# Data extract
..............................
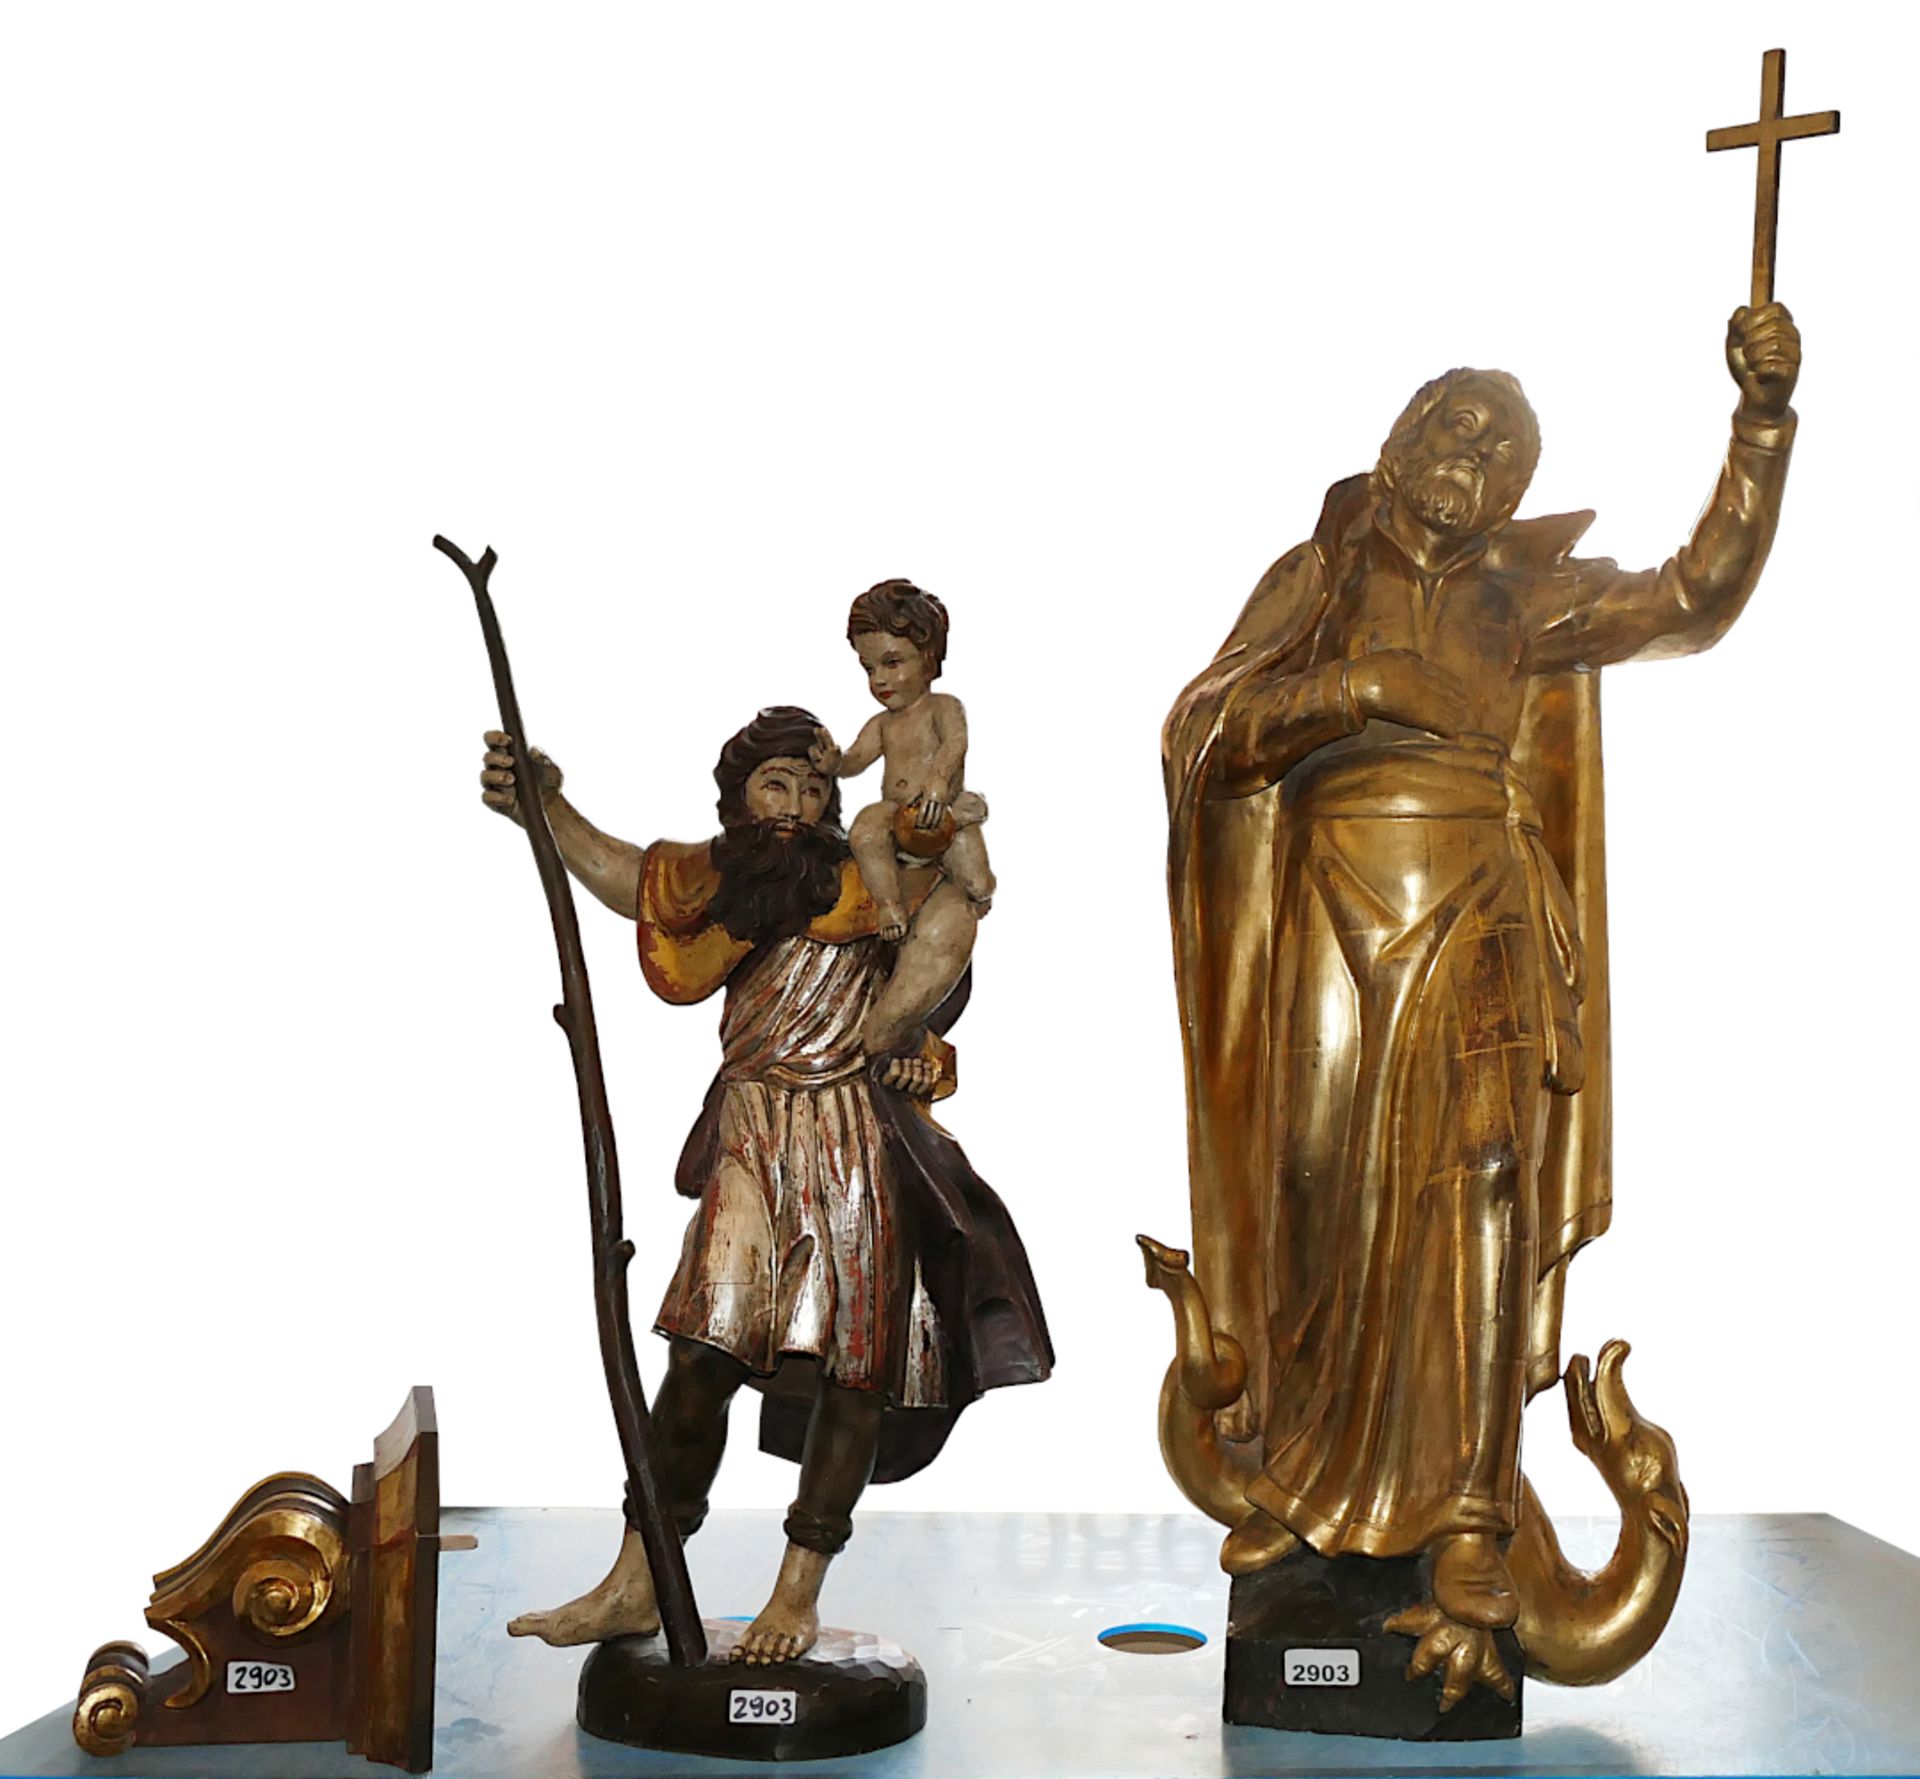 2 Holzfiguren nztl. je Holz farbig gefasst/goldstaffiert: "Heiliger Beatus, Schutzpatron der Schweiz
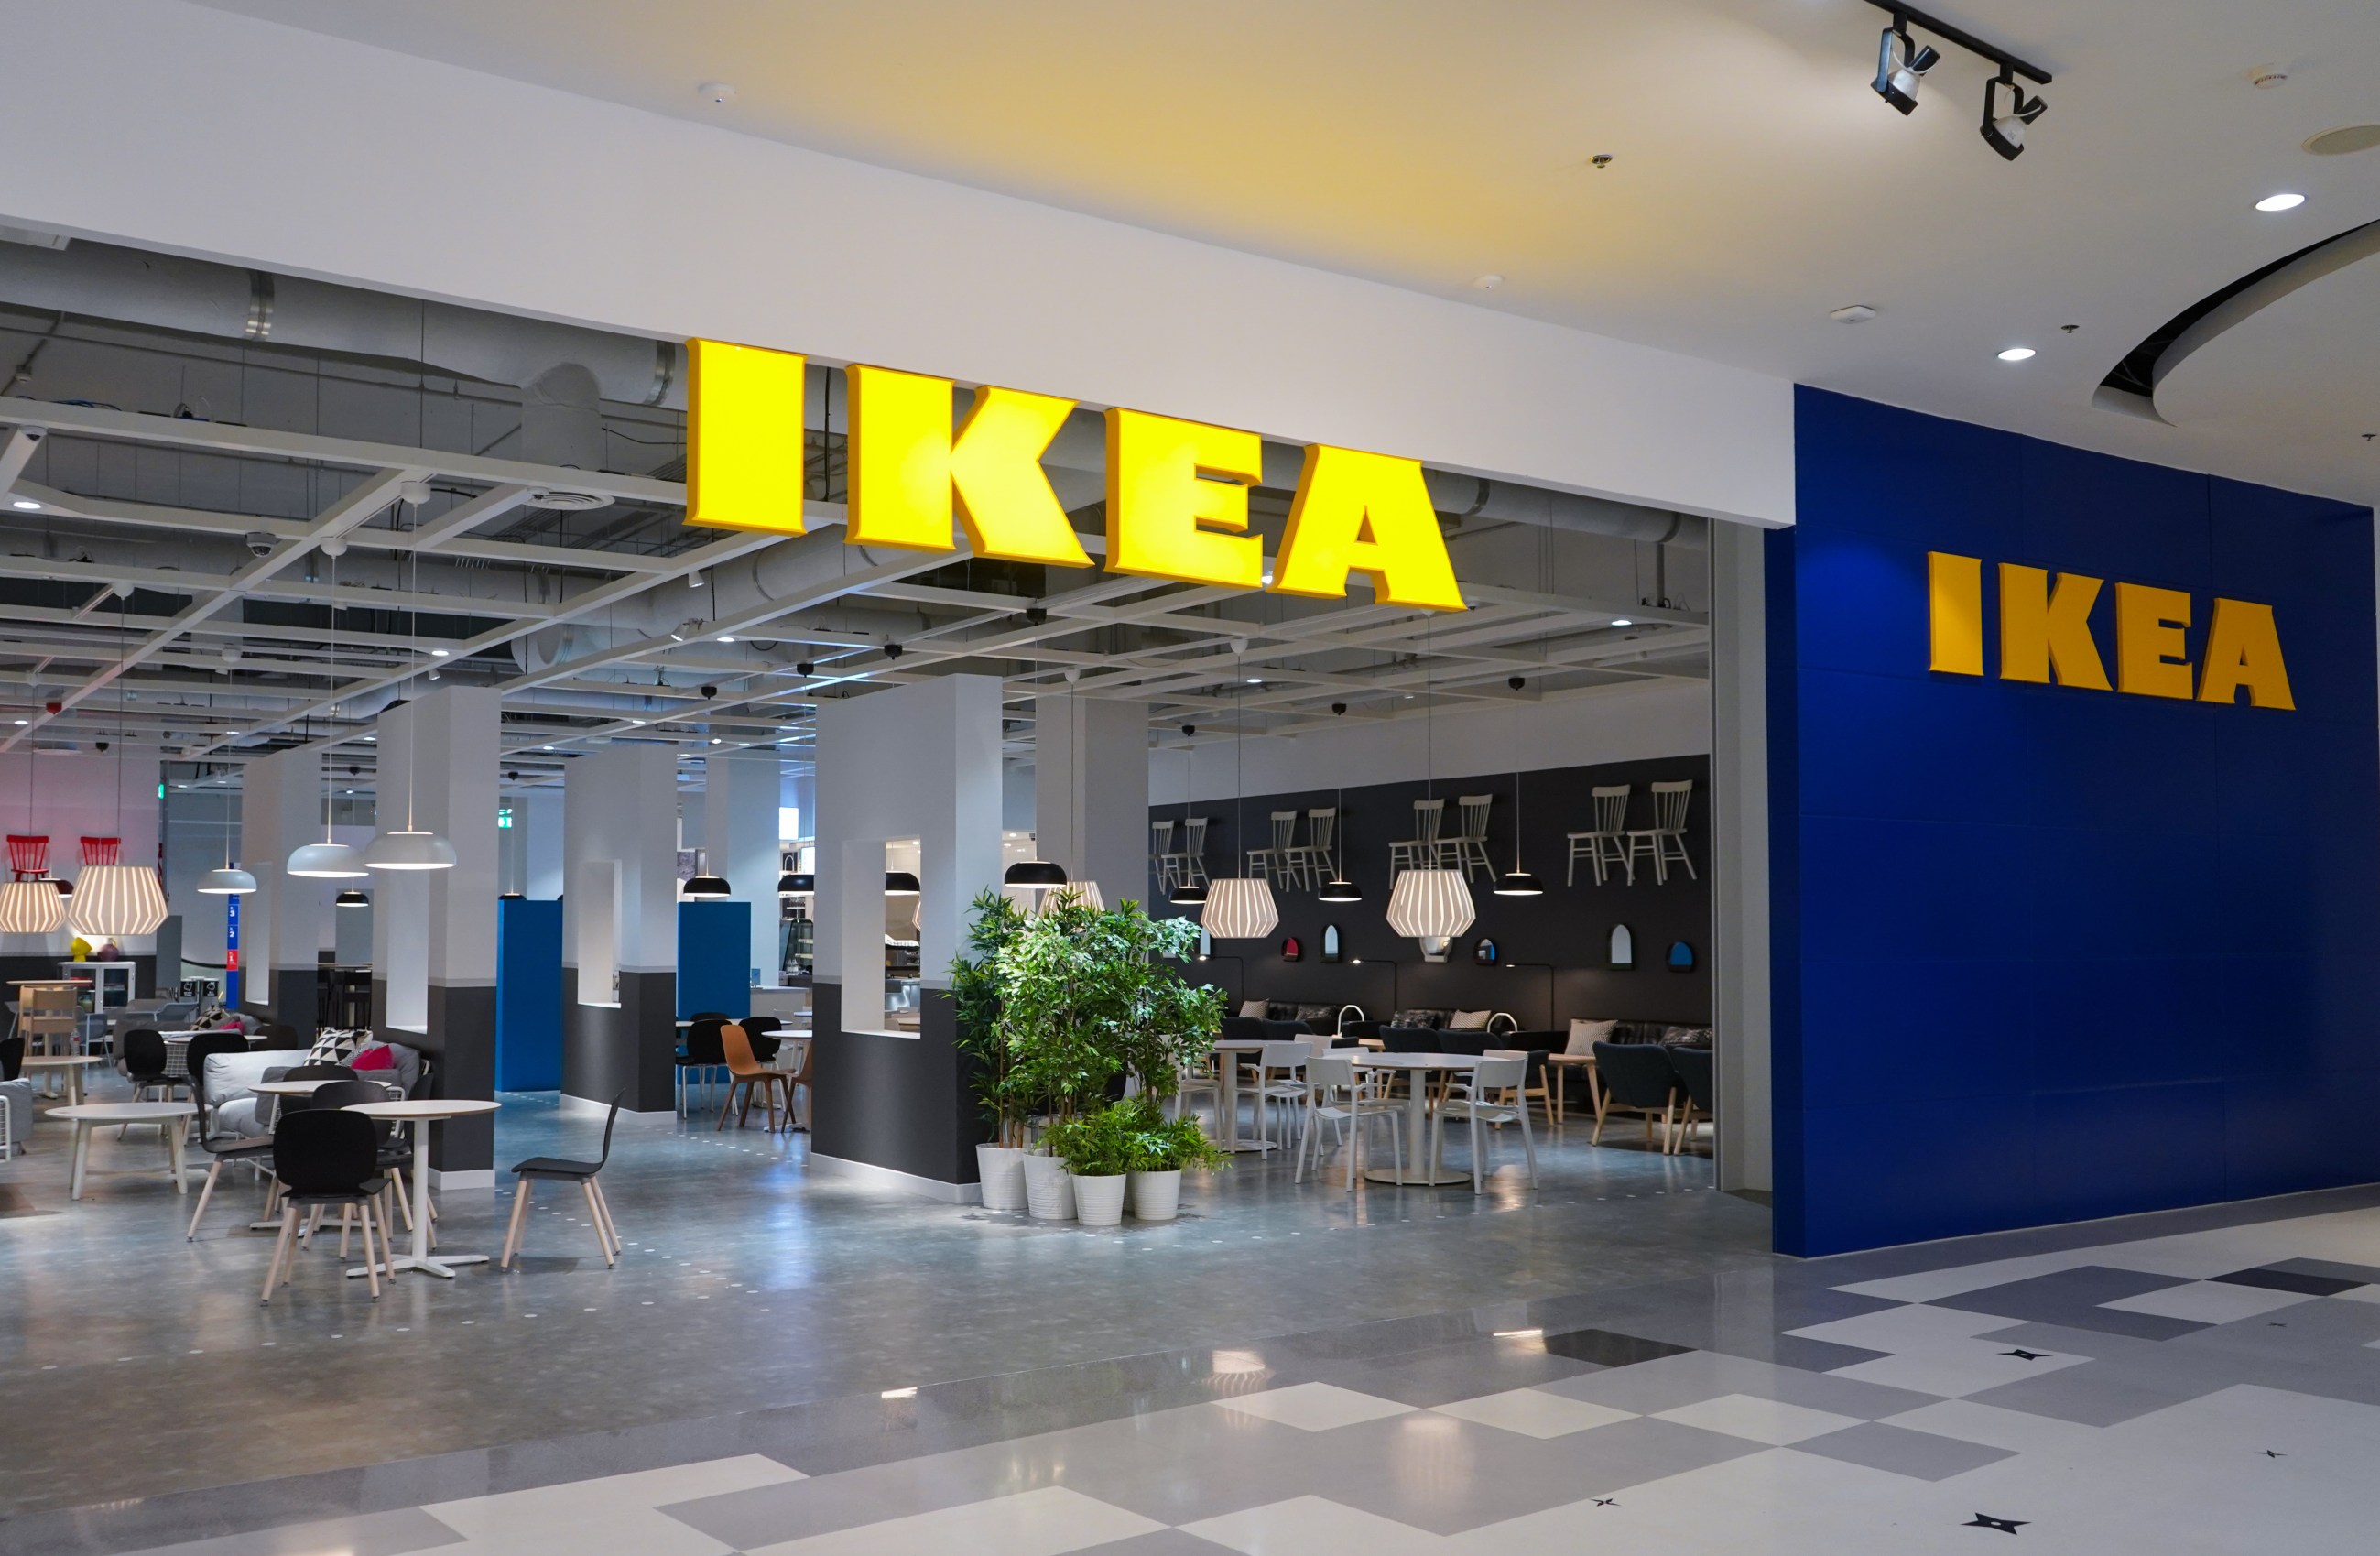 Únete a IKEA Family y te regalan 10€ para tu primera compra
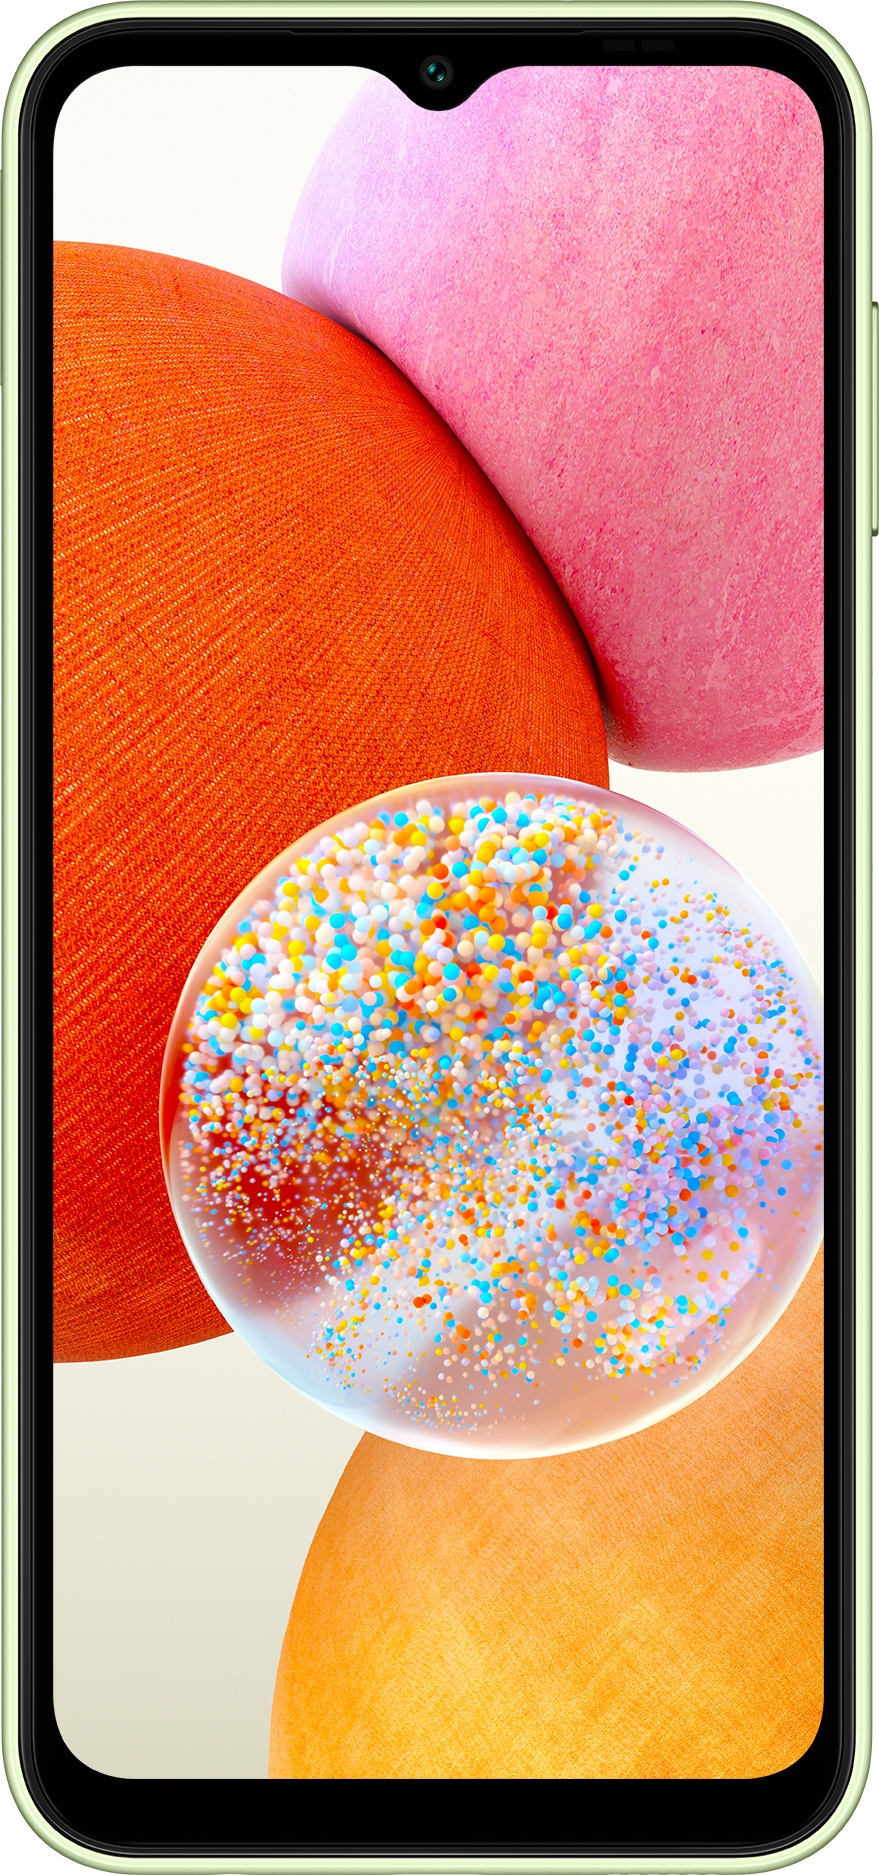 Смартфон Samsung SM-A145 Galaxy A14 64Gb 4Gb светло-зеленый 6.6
..............................
# Activity
Omit the pictures, and quote the material above exactly as given.

# Answer below
 2 Holzfiguren nztl. je Holz farbig gefasst/goldstaffiert: "Heiliger Beatus, Schutzpatron der Schweiz
 Únete a IKEA Family y te regalan 10€ para tu primera compra
 Смартфон Samsung SM-A145 Galaxy A14 64Gb 4Gb светло-зеленый 6.6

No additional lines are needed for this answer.